Samenwoonfraude en opnieuw uitkering aanvragen; een Pandora’s box

Cliënte, een strijdvaardige alleenstaande moeder van drie, had een huisvriend die volgens de gemeentelijke sociale dienst zijn auto wel erg vaak op de oprit bij cliënte had staan. Aangezien deze vriend zelf geen vast adres meer had, zou er wel iets niet in de haak zijn. Wat observaties en navraag bij buurtbewoners verder, besluit de gemeente anderhalf jaar uitkering in te trekken en terug te vorderen voor zo’n €18.000 wegens niet vermelde samenwoning. Cliënte ontkende in alle toonaarden maar stelde zonder succes bezwaar en beroep in.
Om aan het wakende oog van de sociale dienst te ontkomen verhuist moeder met haar kroost naar een andere gemeente, waar zij opnieuw om bijstand vraagt. De behandelend ambtenaar doet wat navraag bij de vorige gemeente… Ook deze gastheer merkt daarna op dat bij zijn nieuwe inwoonster meer wel dan niet een auto voor de deur staat terwijl zij daarover niet zou beschikken. Aan de hand van indringendere observaties, meer nauwkeurige getuigenverklaringen en een onaangekondigd huisbezoek, besluit ook deze gemeente de uitkering in te trekken en terug te vorderen vanwege woonfraude. Daartegen zal vruchteloos bezwaar en beroep worden ingesteld.
Ditmaal verhuist cliënte niet, maar vraagt zij opnieuw uitkering aan. Op de aanvrager rust in zo’n situatie de taak om een gewijzigde situatie aannemelijk te maken. Ze wordt uitgenodigd voor een gesprek bij de sociale dienst, maar is boos omdat ze niet geloofd wordt en vooral boos omdat ze haar kinderen geen eten meer kan geven. De ambtenaren in kwestie vragen aan haar uit te leggen wat er gewijzigd is sinds haar uitkering beëindigd is, waarop cliënte aangeeft nooit samen te hebben gewoond en er dus er ook niets gewijzigd is. Voordat ze gefrustreerd het gesprek verlaat, geeft ze aan dat wanneer de ambtenaren nu bij haar thuiskomen, zij niets van haar vermeende partner zullen aantreffen. De gemeente neemt dit voor kennisgeving aan en wijst de aanvraag af: mevrouw heeft niet aannemelijk gemaakt dat haar leefsituatie gewijzigd is. Bezwaar en beroep mogen niet baten.
Alle drie de zaken worden in hoger beroep bij de Centrale Raad van Beroep (CRvB) op één zitting behandeld.
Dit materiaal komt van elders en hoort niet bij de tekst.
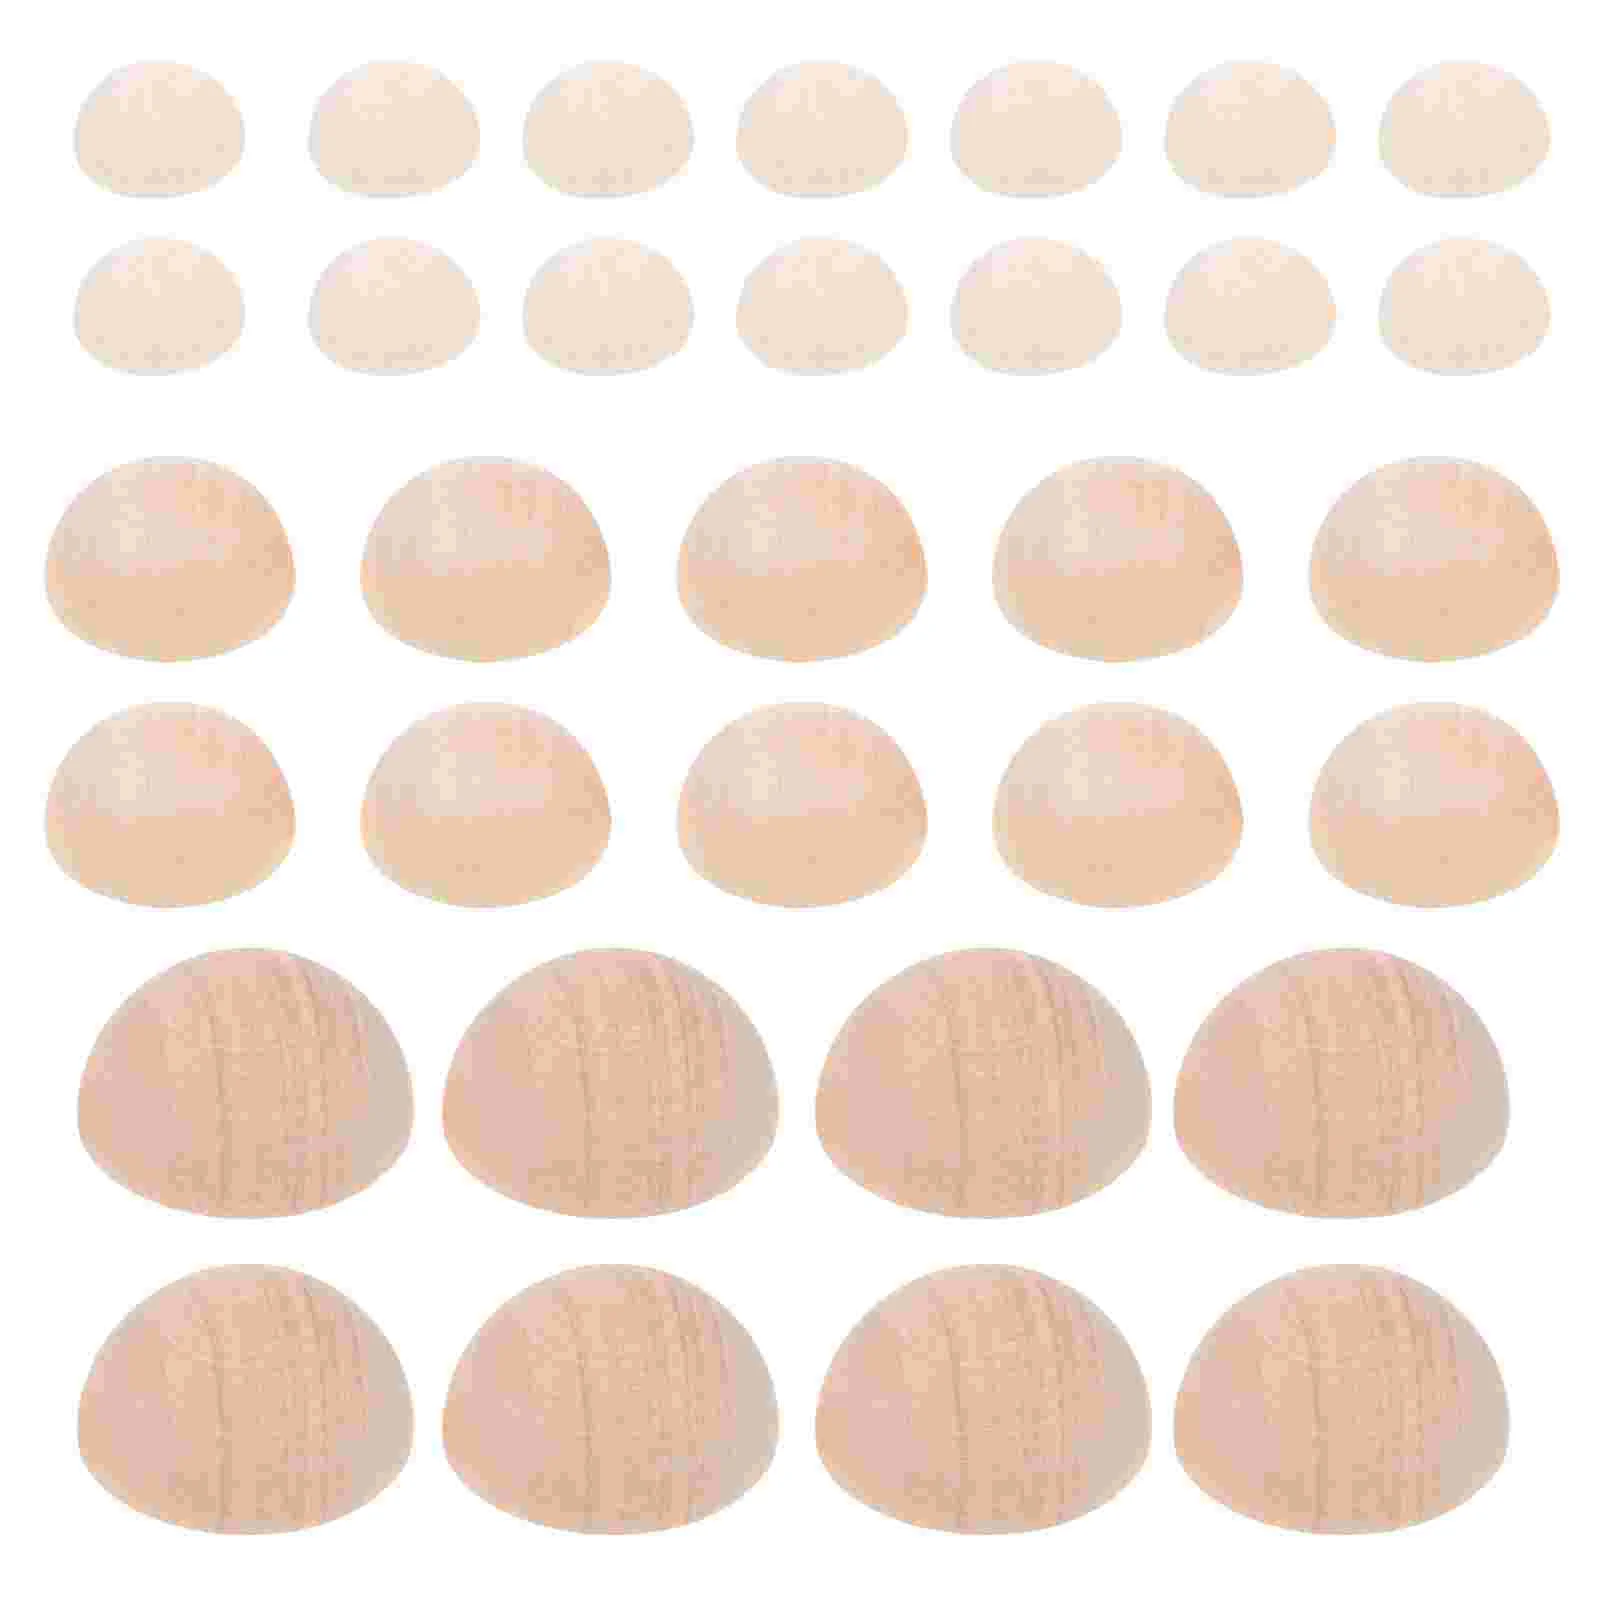 

150Pcs Half Round Wood Beads Wooden Half Balls Unfinished Split Half Round Beads

Voor de derde keer wordt bepleit dat de eerste gemeente onvoldoende bewijs heeft geleverd van samenwoning, het bewijs door de tweede gemeente geleverd weliswaar steviger is maar toch net niet voldoende, en dat van iets dat er niet (meer) is geen bewijs kan worden geleverd en dus de nieuwe aanvraag onterecht is afgewezen. De CRvB oordeelde uiteindelijk dat samenwoning in de eerste gemeente niet aannemelijk gemaakt was maar in de tweede wel. Die gemeente heeft volgens de CRvB vervolgens wél onjuist gehandeld bij de nieuwe aanvraag: door te noemen dat er geen spullen meer van haar vermeende partner zouden kunnen worden aangetroffen had cliënte voldoende gesteld dat er een gewijzigde situatie was opgetreden. Daarnaar had de gemeente verder onderzoek moeten doen.
Uit deze zaken van één cliënte blijkt hoe onvoorspelbaar de praktijk is als het gaat om het aanvechten van ingrijpende beslissingen van de overheid.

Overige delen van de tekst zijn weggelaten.